Cause “the Damned” is an apt synonym for “the Interesting”.
Whereas the Blessed – whether in this world or the next – are to me is like a congealing tower of rice pudding – a featureless and lumpy expanse of Boring distinguished mostly by its enduring capacity for self-congratulation.
My allegiance is with the Damned. And if you’re honest with yourself, so is yours.
You gotta be suspicious of any word that lends itself to the pretentious version: “blessed” here becoming “BLESS-ED.” The one exception is “legged” – but ONLY where it is used to indicate an off-count, like “three-legged dog” or “one-legged man.”
BLESS-ED is the way your eight-year-old ass feels during hour two of a sermon on the unyielding oak of a church pew. Damned is the way your lungs feel on that first drag of the cigarette you’re not supposed to be having.
BLESS-ED is the opening strains of a shitty song wafting over your cubicle wall – a song so generic, it could well be playing at the party in the After School Special about the perils of underage drinking – a song made infinitely worse when it dawns on you that your new officemate is VOLUNTARILY playing Christian Rock WITHOUT A TRACE OF IRONY – this naturally collapses your remaining affection and regard for the species into a bleak little wad of monkey-brain hatred. At 9:17AM.
Because if there is any more effective means than Christian Rock to make you wanna go do a bunch of heroin in the break room, it has yet to be discovered.
Look, it’s very simple: Damned is Highway to Hell, Blessed is Highway to Heaven – so what’s it gonna be?
The guitar licks of Angus?

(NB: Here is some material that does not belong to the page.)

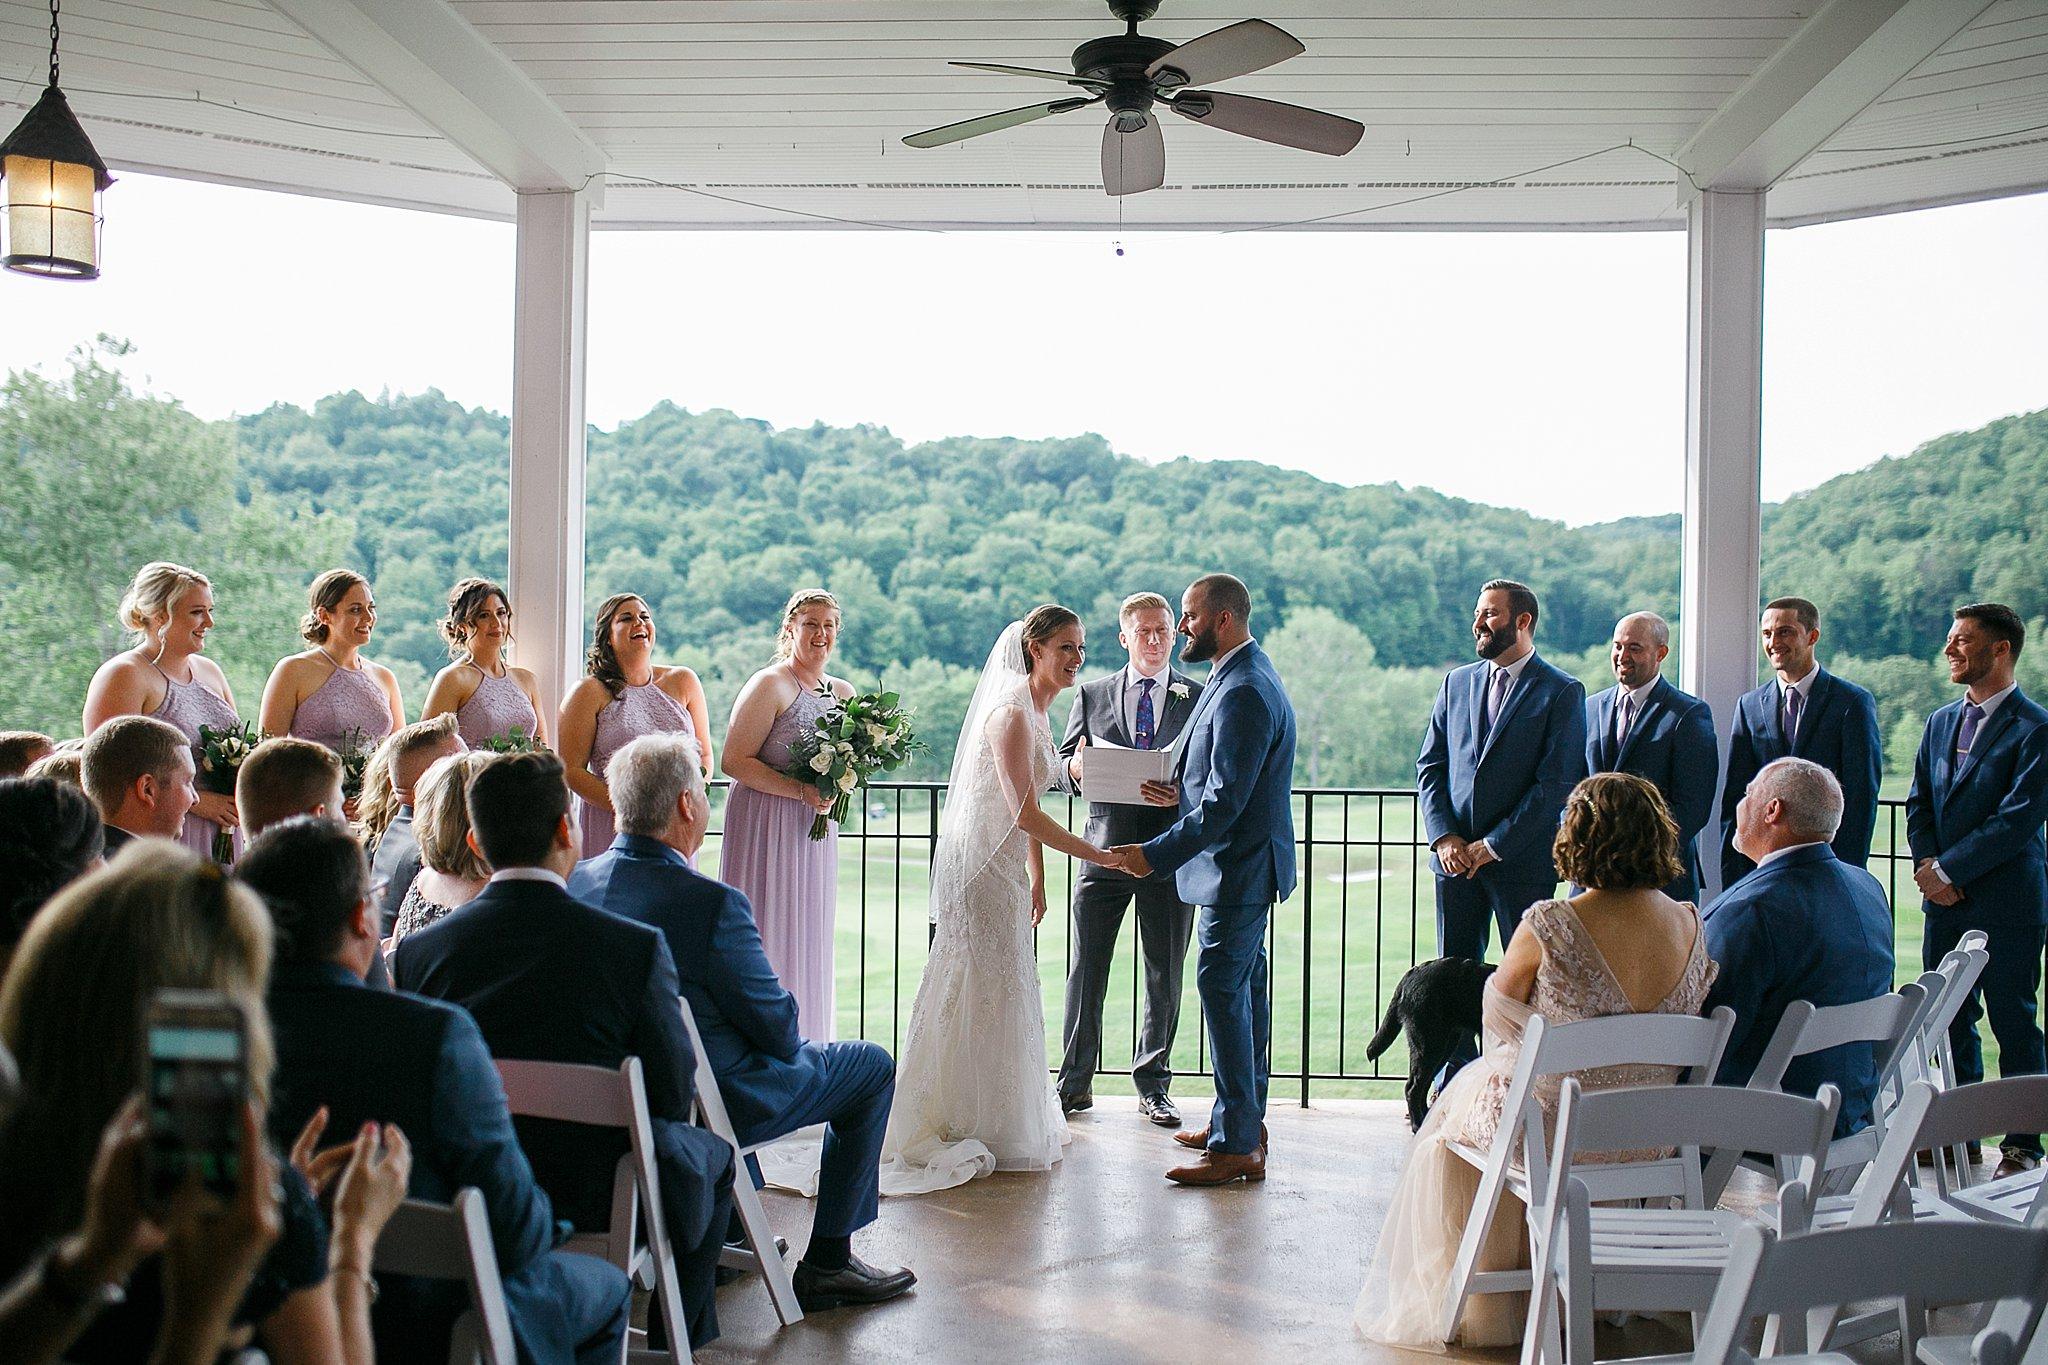 Hollow Brook Golf Club Cortlandt Manor NY Wedding Sweet Alice Photography June Wedding82.jpg

Or the helmet-haired syndication piety of Michael Landon? Because Eric Ruelle is asking you to choose the helmet-haired piety of Michael Landon. Which, listen… if you can live with yourself throwing in with the helmet-haired piety of Michael Landon and his earthbound minion Eric fucking Ruelle, then so be it.
I guess you wanna be a giant hopeless douche-twat. Which is JUST what Eric Ruelle and all his superstitious, ignorant, quivering little helmet-haired Army of God shit sticks want you to be: a giant hopeless douche-twat.
I don’t want that for you. You don’t want that for you. You don’t wanna look in the mirror and see a giant hopeless douche-twat looking back at you. A vote for BLESS-ED constitutes the unapologetic declaration that you believe yourself to be a giant hopeless douche-twat.
Though Damned, we know you to be a person of quality, a person of valor and moxie. We the Damned welcome you – in all your frailty and imperfection, all your strivings and struggles. Join us. Join the Damned. It is the only way to avoid becoming for all time a giant hopeless douche-twat.